Nightmare of Druaga keeps all of these elements, although unlike previous games in the "mystery dungeon" line, the dungeons are not randomly generated.

It probably sounds a lot like Diablo or possibly Phantasy Star Online to those who don't play this sub-genre of RPGs, and there is some truth to that. Both games play on the constant desire to get new and more bad-ass stuff. Druaga similarly strings the player along by dropping equipment and items in need of identification while promising rare, powerful equipment for the player patient enough to work his way to the bottom of the labyrinth. It's supplemented by an equipment system in which weapons and armor can be combined with others of their same type (ie weapon with weapon, armor with armor, shield with shield) in order to beef up their statistical values and to imbue elemental alignments. Equipment also is slotted, allowing for the use of gems to augment equipment either with bonuses (Strength +1) or elemental/status resistances. The same can be done with various herbs that are acquired, combining them into potions, and extra quests are available outside of the main dungeon, which usually come with compelling rewards.
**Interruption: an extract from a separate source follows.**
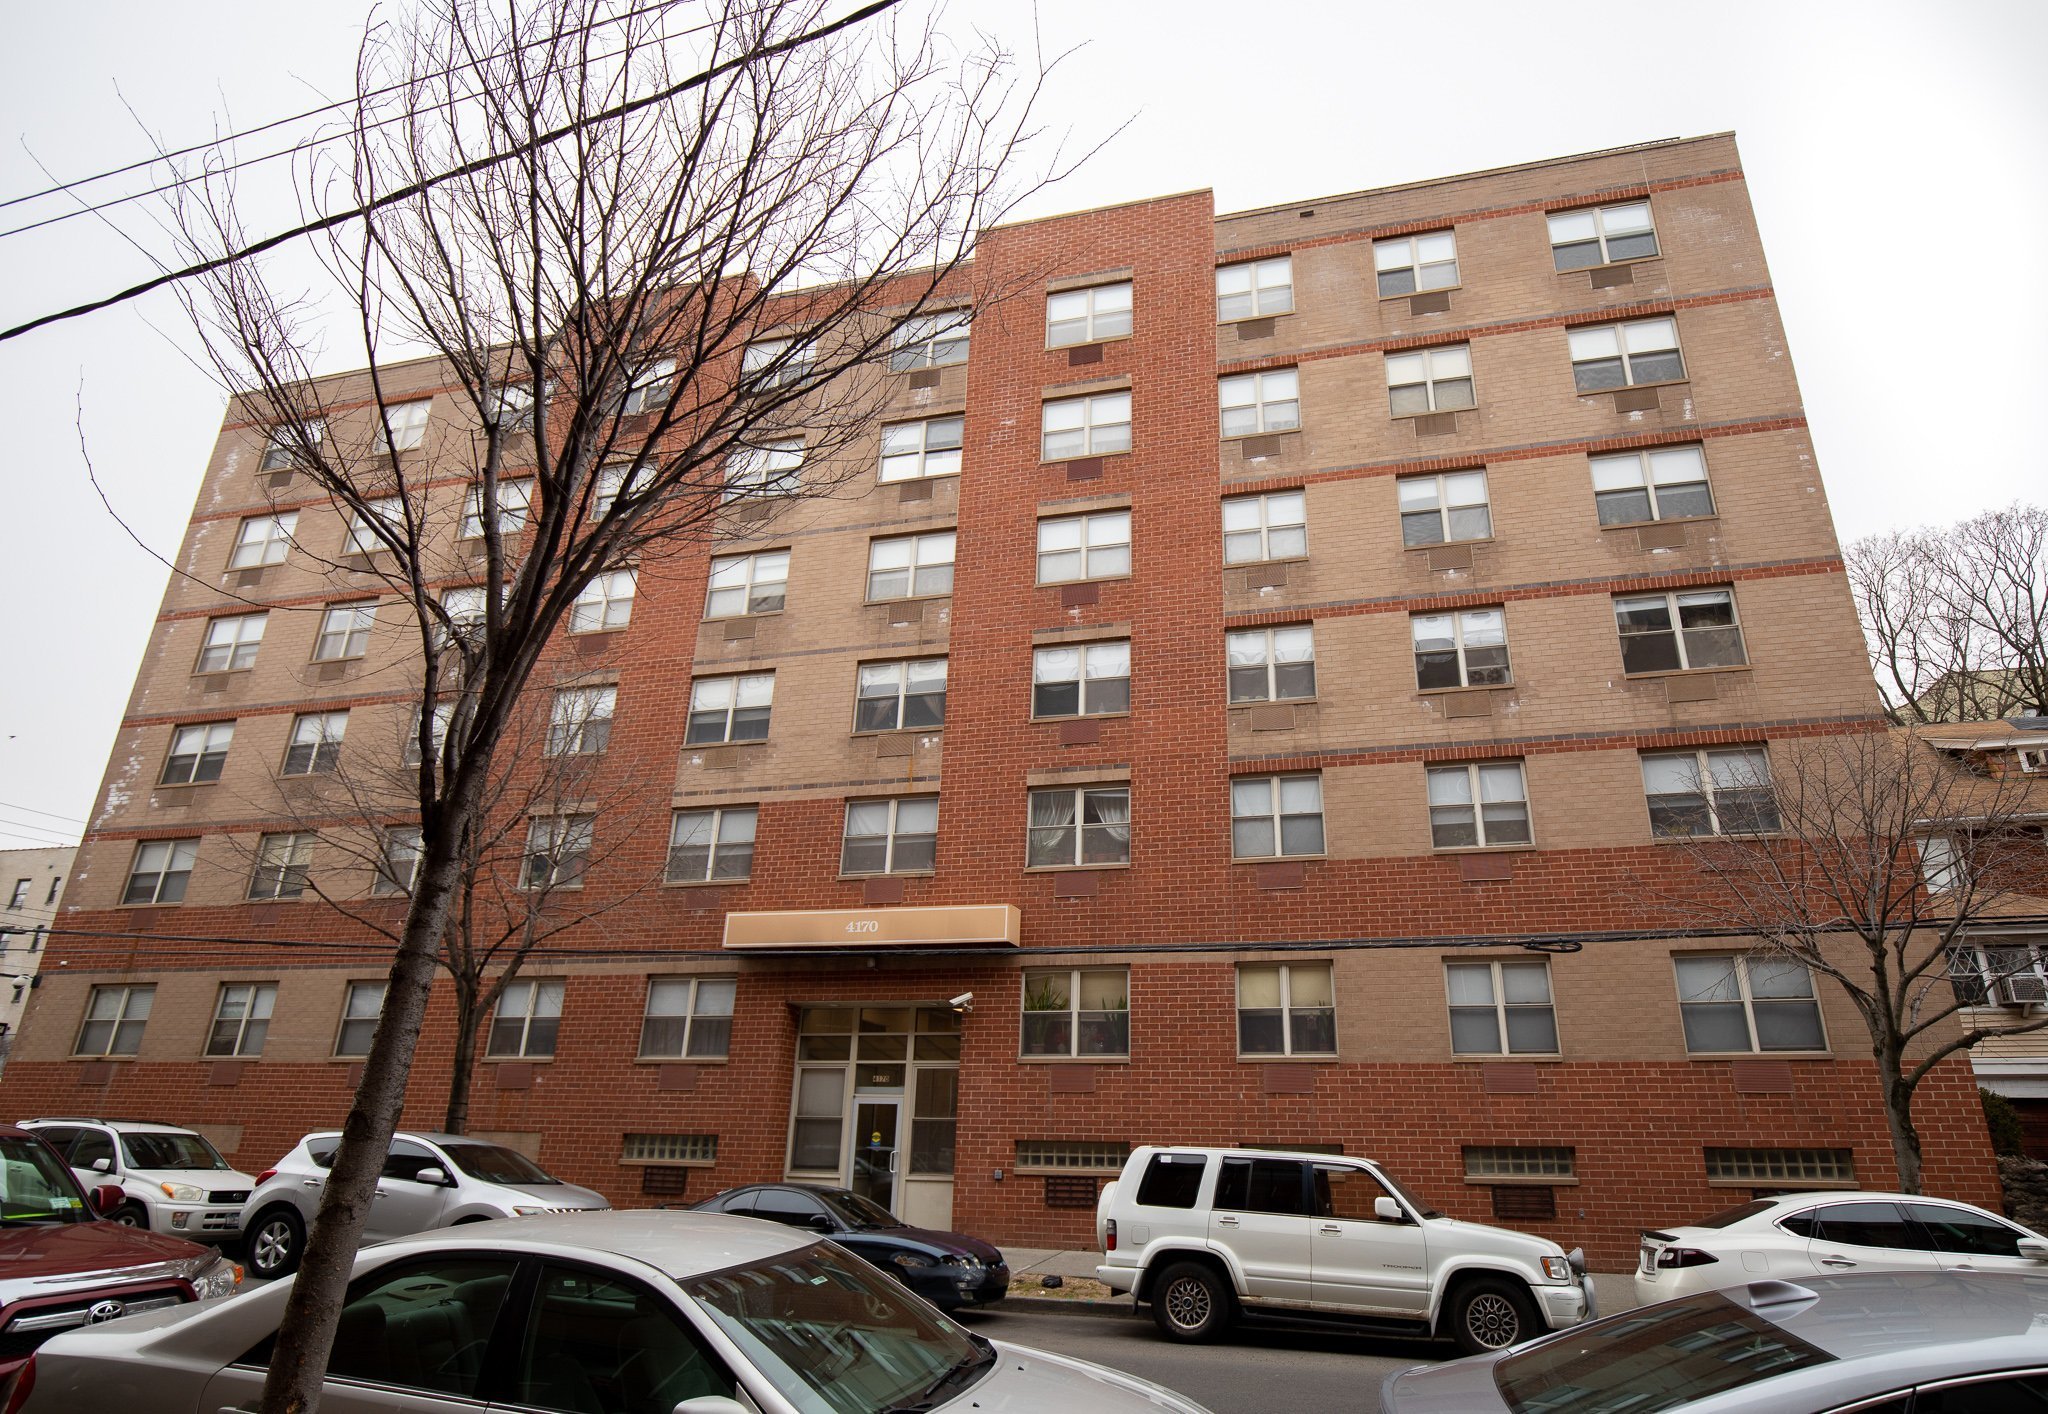 OUR LADY OF MERCY SENIOR HOUSING
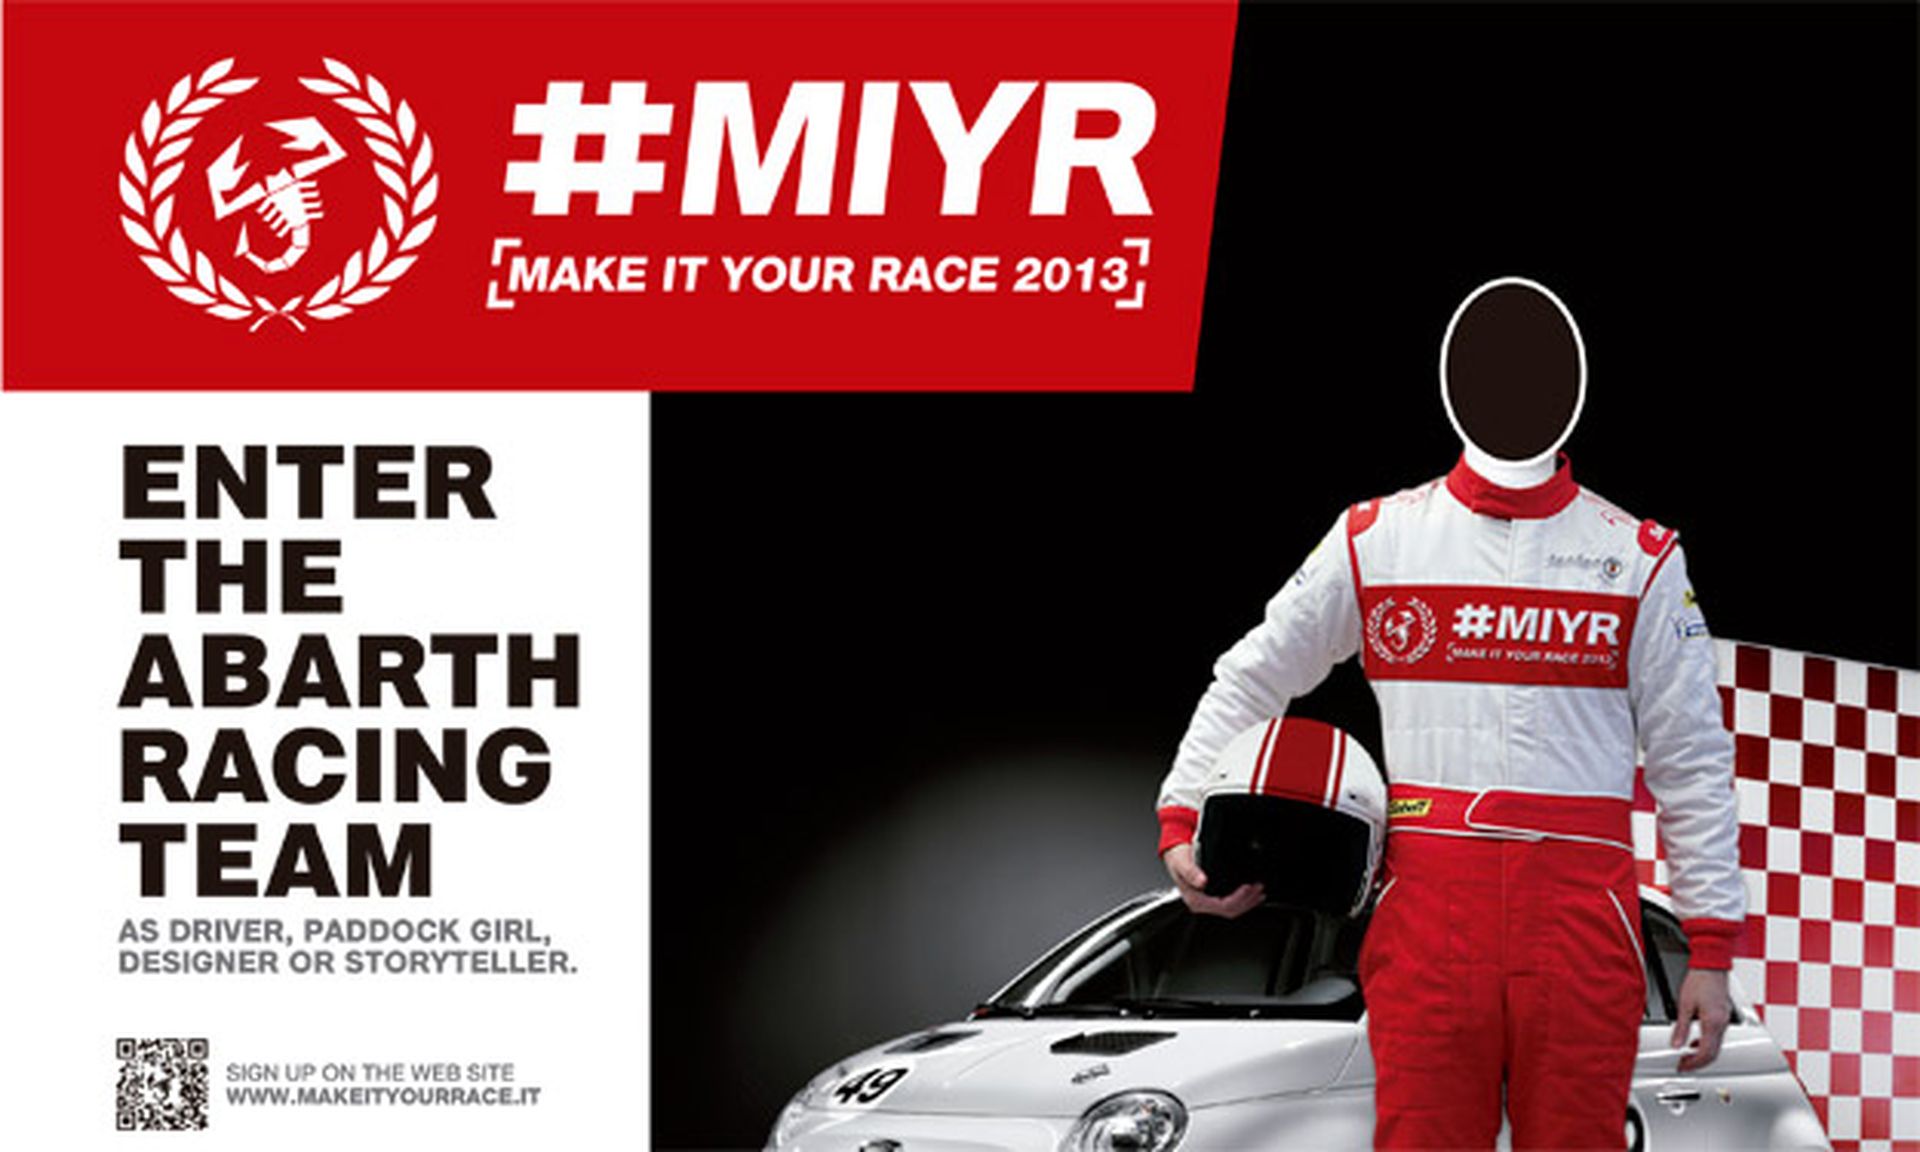 Abarth Make It Your Race 2013 busca

Weapons have special attacks that can be used, often coming with status ailments (one move can put monsters to sleep, another can poison). When weapons have been leveled up enough through combining, they can actually absorb the special attacks of weapons that they are combined with. When they get to +15, you don't lose weapons or equipment if you die in the dungeon.

In the main dungeon, each floor contains two secret treasure chests that will usually include rare (or at least valuable) items. In order to progress a key to the next floor must be found. Once a floor is cleared, the door can be kicked down on the second playthrough, which then leads to an extra floor with harder enemies and tons of rare items (often gems). The player goes as far as he can until he can go no further, then teleports back to town, selling unneeded items, combining uselfu equipment, and buying new stuff. The player then repeats until the game is beat.

That's the whole game.

Which is actually really something considering how much there is to do in a relatively confined space. This isn't trying to be an epic tale. It isn't trying to be Final Fantasy. The Nightmare of Druaga is a dungeon crawler, a number grinder, a rogue-like. It is about numbers. It's about the stats on strenght, dexterity, intelligence, and luck; it's about the levels of affinity towards ice, water, fire, thunder, wind, light and dark. It's about carefully planning your movements based on what you have left in your characters energy, health, and inventory. It's about how the player decides to augment, and which he decides to augment, and how he decides to play. It doesn't hold your hand, it doesn't spell things out, and it doesn't try and force you to sit through a story that wouldn't get published in print or wind up in a working screenplay. It is an RPG.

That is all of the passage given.